Single Malt — Speyside, Scotland
Reviewed January 17, 2020 (edited November 4, 2021) -
Mortlach 16 Year "Distiller's Dram"
Single Malt — Speyside, Scotland
Reviewed January 17, 2020 (edited April 14, 2020)Served neat in a Glencairn from a freshly opened full bottle. Nose has quite a bit of alcohol, but also has the Sherry influence, with ginger beer and apple turnover notes, and sulphur lurking in the shadows. Entry is smoother than the nose would suggest, with a medium mouth-feel. Vanilla dominates, although not dialed to Bourbon levels, thankfully. Pallate is leathery and nutty with some restrained butterscotch, and slightly underripe Asian pears. The faint bitterness is somewhere between sulphur, lemon and brine. Finish is long, but the alcohol makes its presence known. Cocoa, This is a bit boring, and not as complex as I would expect for the age and price. I loved the discontinued 18, bit this is a huge letdown.

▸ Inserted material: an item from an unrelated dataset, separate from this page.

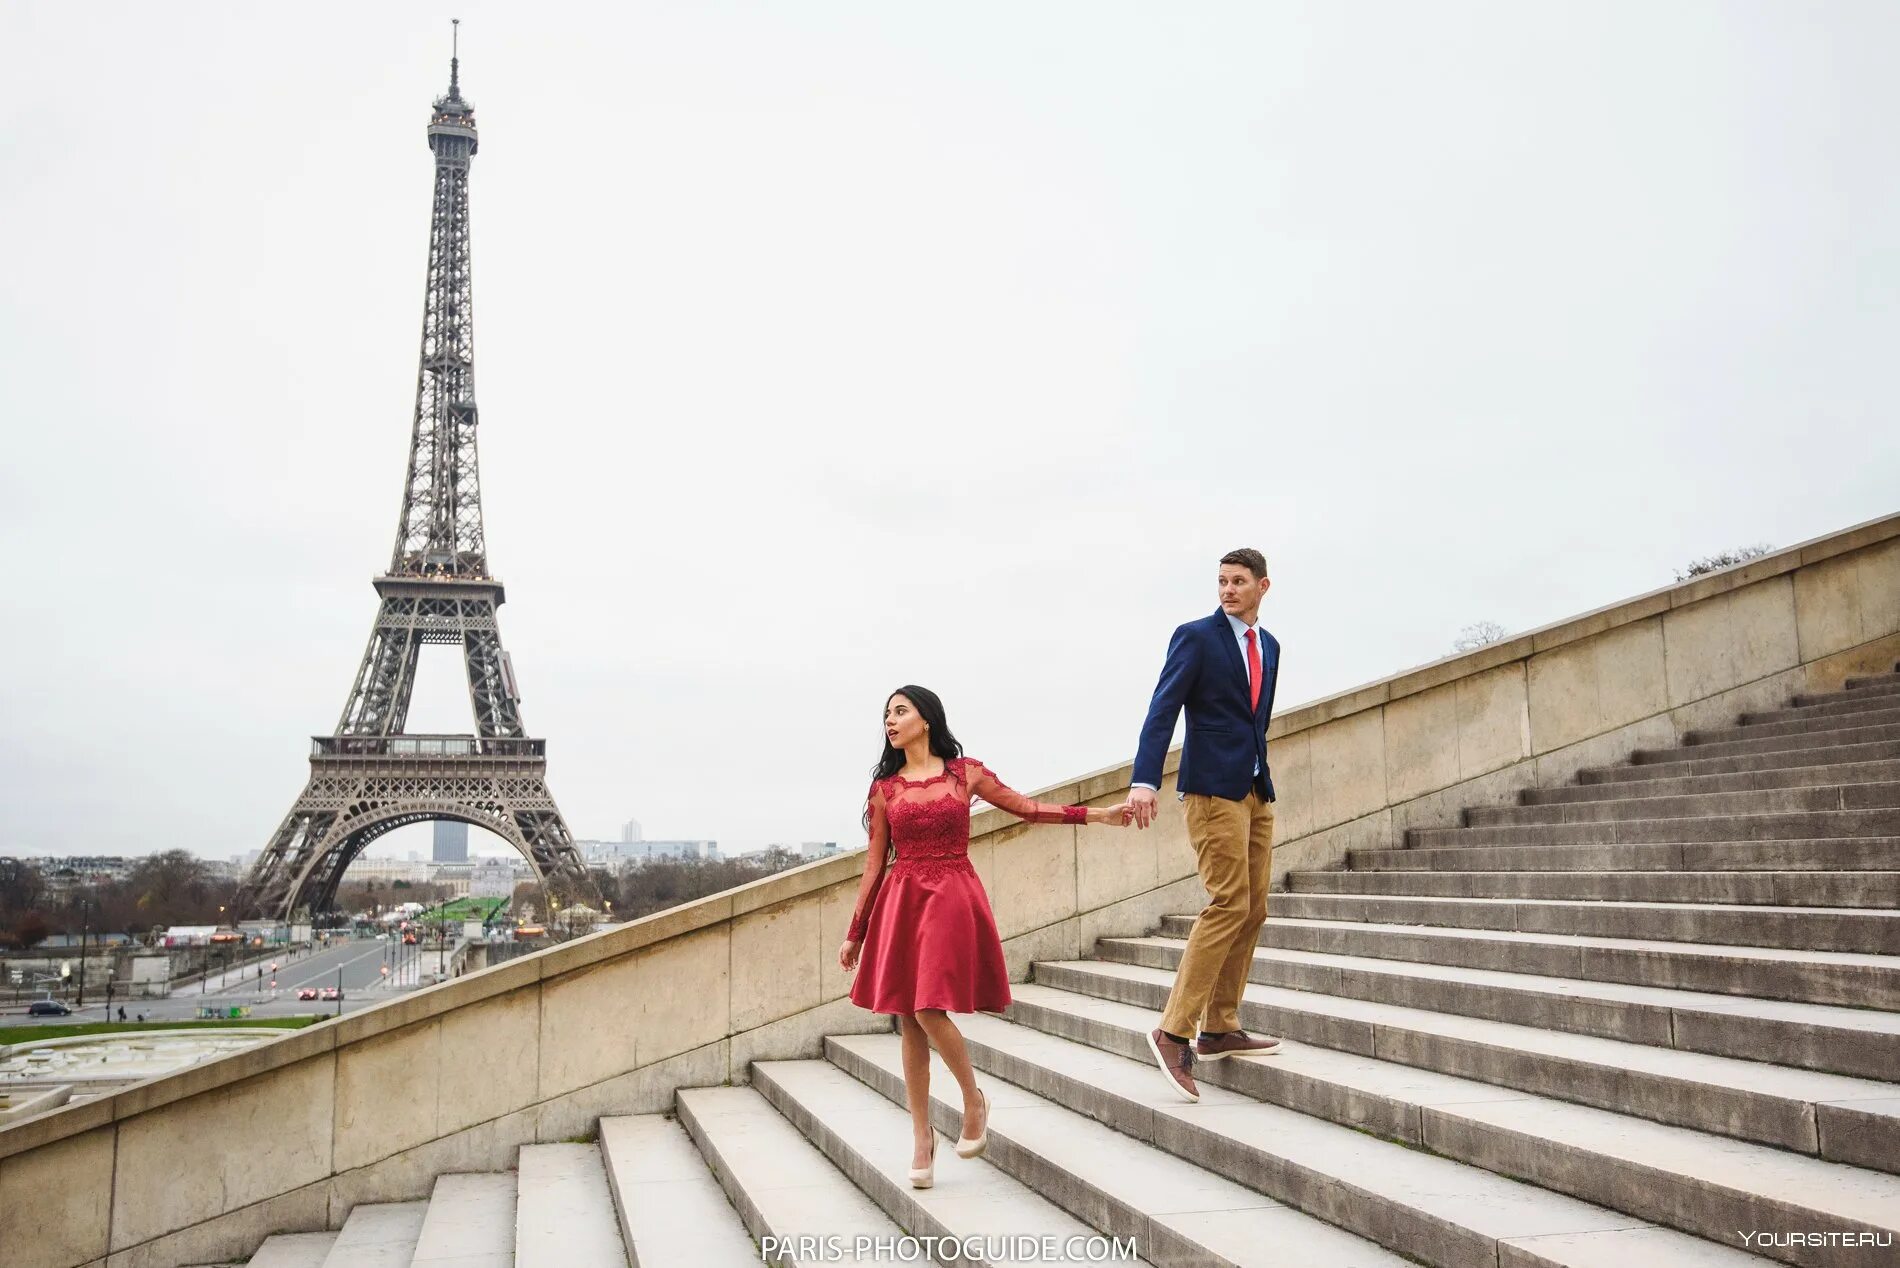 На фоне эльфелевой башни. Фотосессия в Париже. На фоне Эйфелевой башни. Париж люди. Человек на фоне Эйфелевой башни.

Will not buy another bottle of this, ever. I would accept a free dram, however, as it's not offensive. Therein lies the problem: this is no beast, this is a pussycat, and there are other drams that play this game better, for less money. -
Aberlour 18 Year Double Cask Matured
Single Malt — Highlands, Scotland
Reviewed January 15, 2020 (edited July 28, 2020)Served neat in a Glencairn glass, from a freshly opened full bottle. The nose is muted, which is surprising. No alcohol, and just the faintest hint of Sherry. Fruit is one of the better noses, it's just really hard to pick it up. Disappointing. On the pallate, the smoothness continues. No alcohol bite, just sweet Sherry goodness. However, where the A'Bunadh is turned up to "11", this is at. "6". More refined, for sure. But this should really be 46-48% ABV. This most certainly is not "big", in fact it is one of the more subtle Sherried whiskys around. More subtle than the Highland Park 18, even. From what is available, white peaches, plums, overripe apricot, Mandarin oranges, salted caramel latte, and Fiji apple custard. The oak starts to build toward the back of the pallate. The finish is ever so slightly spicy, and a little bitter, like 95% cacoa-covered pepper, with a dash of Washington cherry, and the oak really starts to come through a little stronger. This is unmistakably Aberlour. Heavily sherried, similar to the A'Bunadh, just more polished, with more oak, but less.....well, less of everything else. I don't mind dropping $$$$ on aged whisky, but I think the A'Bunadh is better, price be damned. The glenfarclas I had in a head-to-head had far more character, and of everything, really. Furthermore it did it with the same ABV. It's only downside was the alcohol burn, and it was slightly less complex. There are much better options for the money than the Aberlour 18. Not bad, just not near what it's cracked up to be, especially at the price. -
Glenfarclas 21 Year
Single Malt — Highlands, Scotland
Reviewed January 15, 2020 (edited February 3, 2021)Served neat in a Glencairn class, freshly opened new bottle. So sweet and pretty on the nose! Sherry is the star, with apple streusel making an appearance, and some surprisingly floral notes, as well. Sherry is again the dominating note, with dried apricots and green apple bobs taking the mid-pallate. Honey and unlit cigars round out the tasting. Mouth-feel isn't thin, but isn't as luscious as the best. The oak is subdued, but definitely there. The finish is much spicier than I would expect for the age, and the oak isn't nearly as prominent as I expected, again, especially for the age. I would guess the cask was not a first fill, or possibly not European oak. This Sherry bomb could be tops if it were more complex, but for the money, this is one of the best values out there. -
Tasted at a bar, in a flute glass. Bottle level and age unknown. Sherry influence heavy on the nose, with a campfire undertone. Roasted trail mix over a campfire in October, with virgin dried fruit thrown into the mix. The palate is more of the same, with the smoke and sweetness. Sweet, dark fruits dominate the sweet side, while the smokiness never takes on a rubbery character. Mouth-feel is medium, and ABV is low enough to be well-managed. Some oak flavor comes through after 5-10 seconds. The dried fruit and smoke never overpower each other, and ride the long finish together as friends.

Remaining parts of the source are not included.